Having owned all 3 I would put my favorite as the 204 have smoked many woodchucks past 300 yds and you do not have to put much consideration in the drop of the bullet at all, because that sucker shoots
so flat and accurate. But being I have not yet killed a coyote with the 
204 I cannot put it above the 22-250. The 250 is a great all around gun 
like others have said and does a number on yotes. I shot the 55 grn. PSP
in mine and it DRT them. If you dont go with the 22-250 I would definately consider the 204 before the 223. Many might disagree with me
but I just feel based off experience that the other two calibers perform much better then the 223. :beer:


----------



## lyonch (Feb 26, 2006)

kdog said:


> I'm not sure why those crazy DNR folks don't allow the 22-250 for deer here in MN. It just doesn't make sense to me.
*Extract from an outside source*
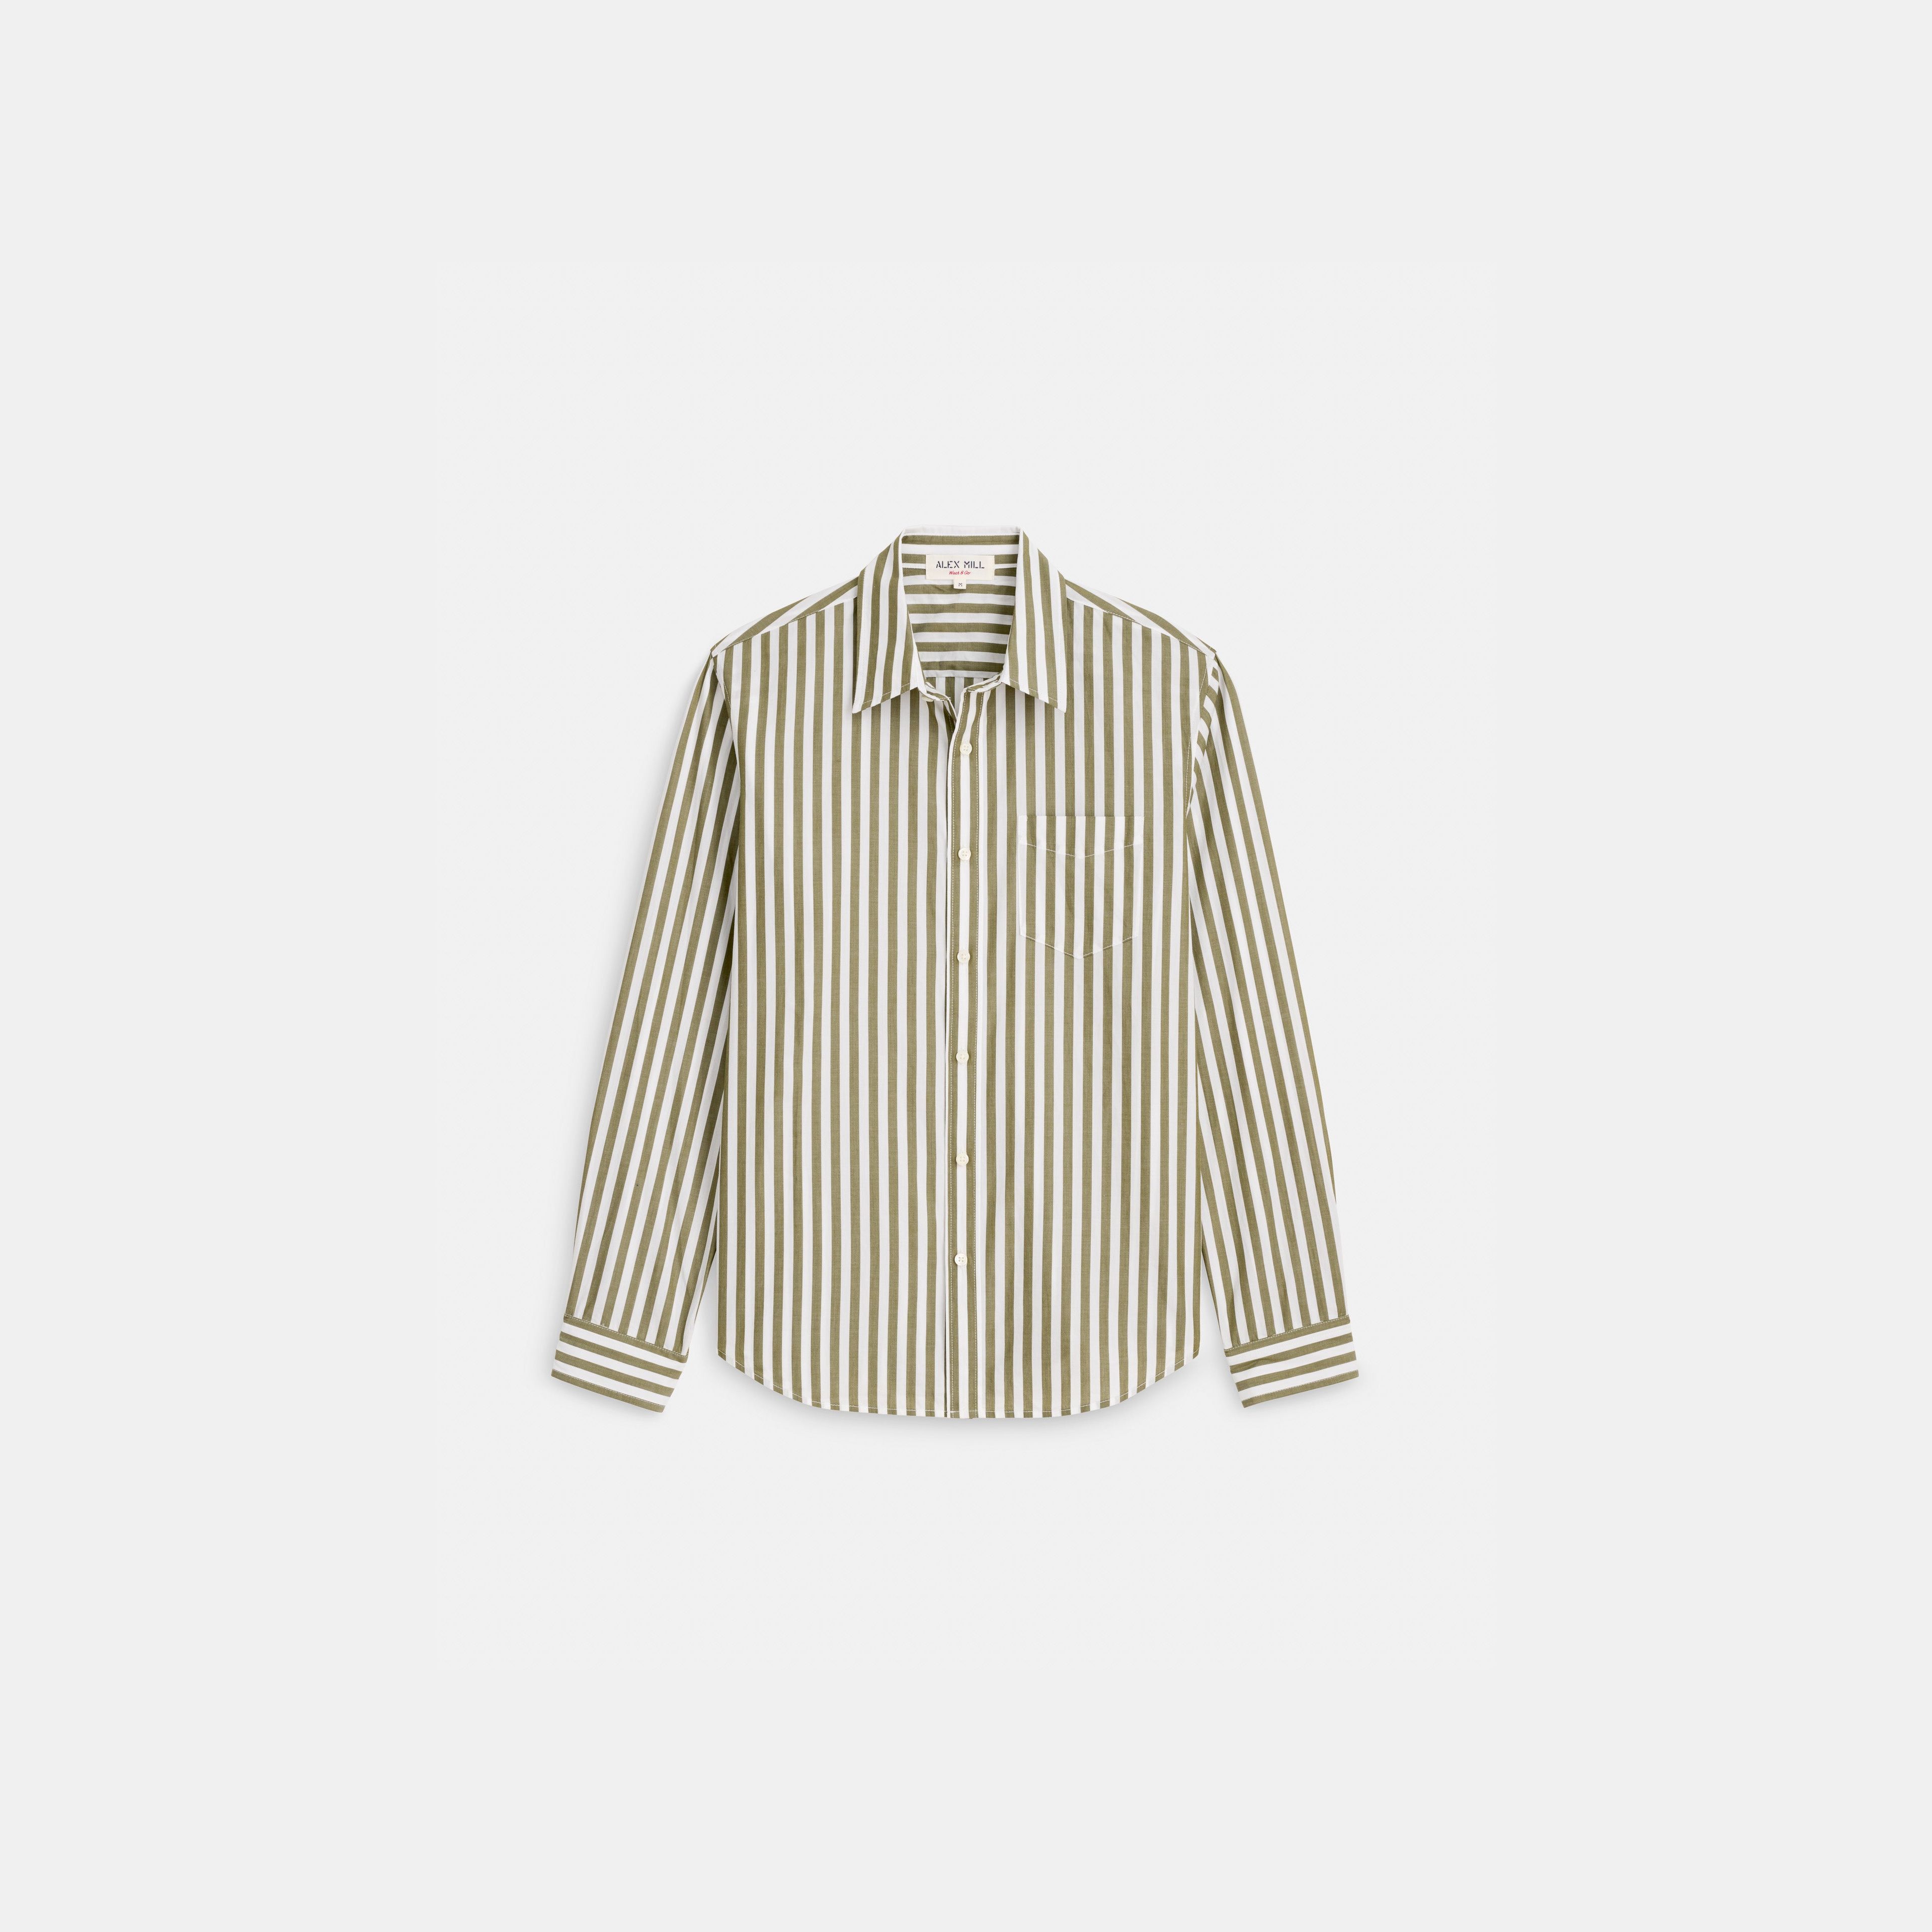 Mill Shirt in Wide Striped Cotton Poplin

If you check out he MN DNR website you will see that the .22-250 is now legal in minnesota as a deer rifle. The smallest you can go is .220 caliber centerfire so the 220 swift will be about the limit. they changed a lot of things for the upcoming season.


----------



## DeadCoyote (Dec 27, 2006)

minnesota_hunter said:


> another thing one of my friends told me about the rem 17 fireball. is that a rim or a center fire and is that a good yote killer?
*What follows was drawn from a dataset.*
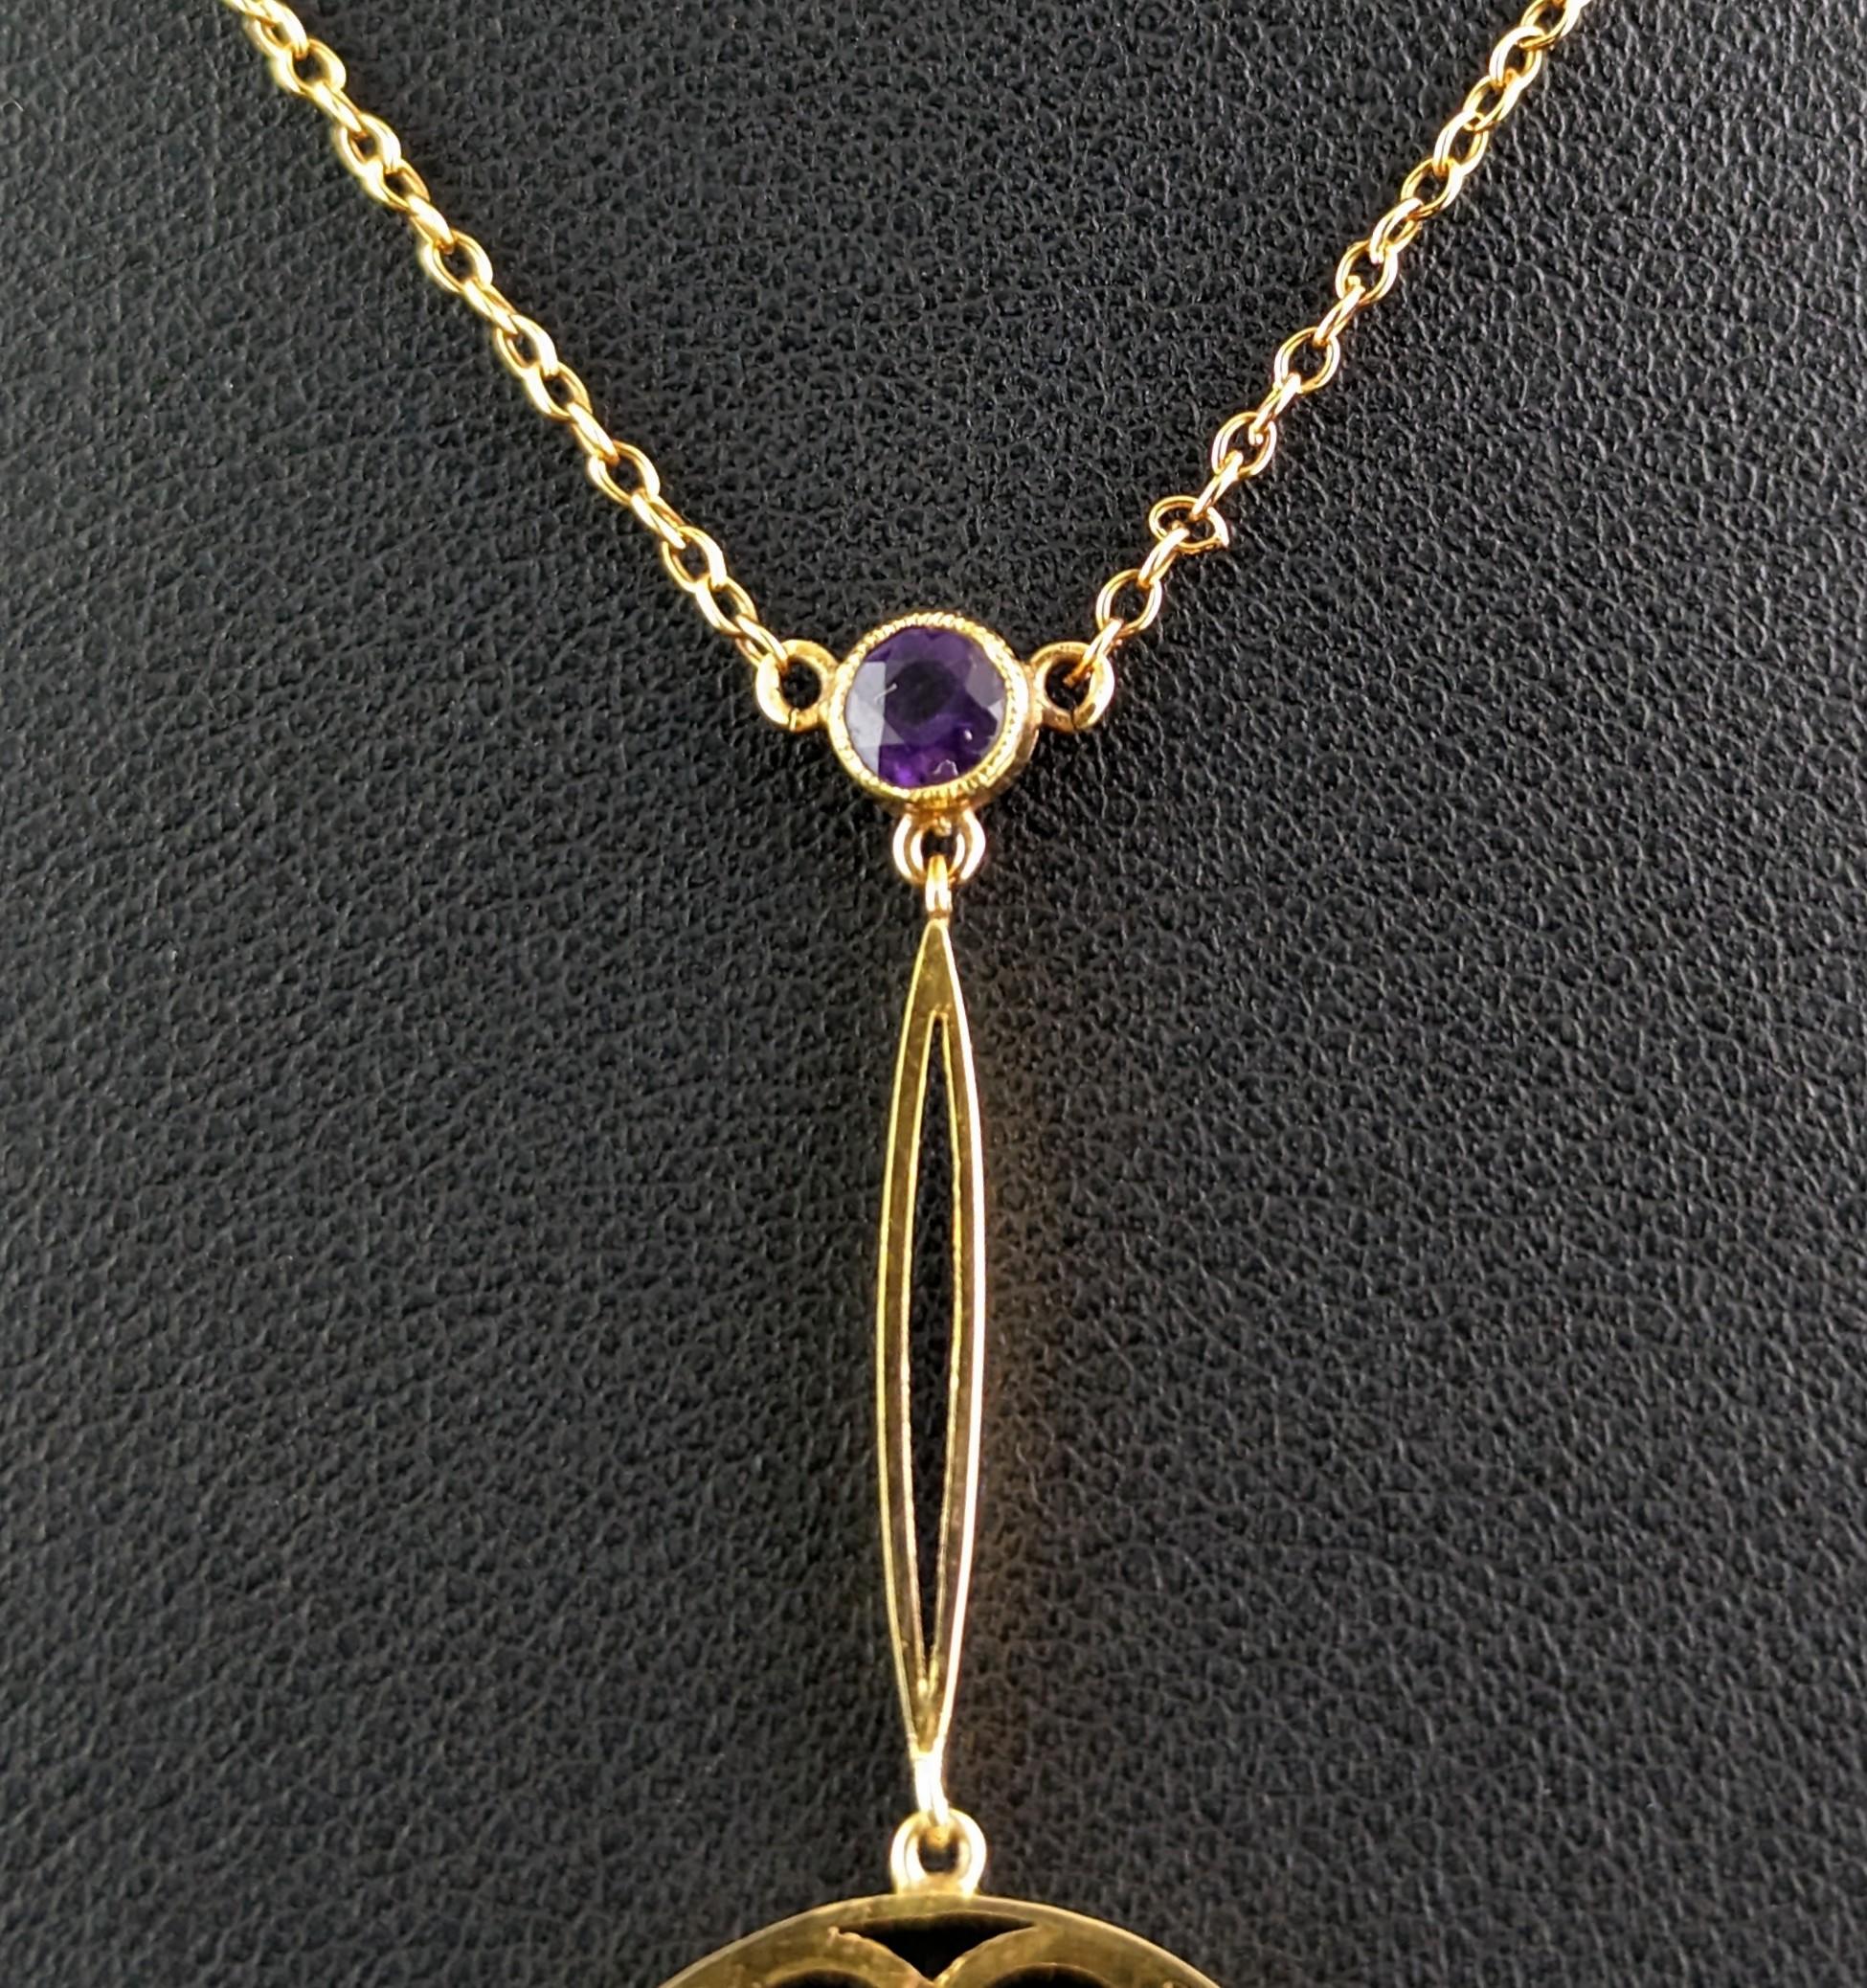 Antique Art Nouveau Pendant Necklace, Amethyst and Pearl, 9 Karat Gold  For Sale 3

The .17 Fireball is a centerfire :beer:


----------



## johngfoster (Oct 21, 2007)

lyonch said:


> kdog said:
> 
> 
> > I'm not sure why those crazy DNR folks don't allow the 22-250 for deer here in MN. It just doesn't make sense to me.
> ...


Not sure if you meant it like this, but the 220 Swift is not "smaller" than a 22-250. They both shoot a .224 diameter bullet, and the 220 Swift is a larger case with a higher MV. Just clarifying.


----------



## Lach0831 (Dec 31, 2008)

hey all im new to coyote huntin and im going to be hunting this year on a 180 acre field with a wood line pirimeter would you think that my 270 WSM would be to much for the job


----------



## alleyyooper (Jul 6, 2007)

lyonch, I use a 220 Swift, my BIL uses a 22-250. we buy our bullets in a thousand box lot then split them. They are the very same dia bullet. The 22-250 has nosed the 220 Swift out because of the bad rap it took in its infancy. It did do a good job on deer for those who only took those perfict shots. It was a disaster for those who took the gun writers word that it was good deer cartraidge, disaster for those who were to lazy or cheap to become good marksman with it.* I still do not recommend it for deer.* It also got a bad rap for erodeing throuts and barrels due to the high vols. it shot. which was only part of the problem. The powders today are much nicer to the barrels as is a slightly reduced speed.
I just like my 220 Swift, second choice off the shelf would be a 22-250. The Cheeta would be my choice of a wild cat. Really suprized Winchester does not make it the 22 cal to replace the 225.

 Al


----------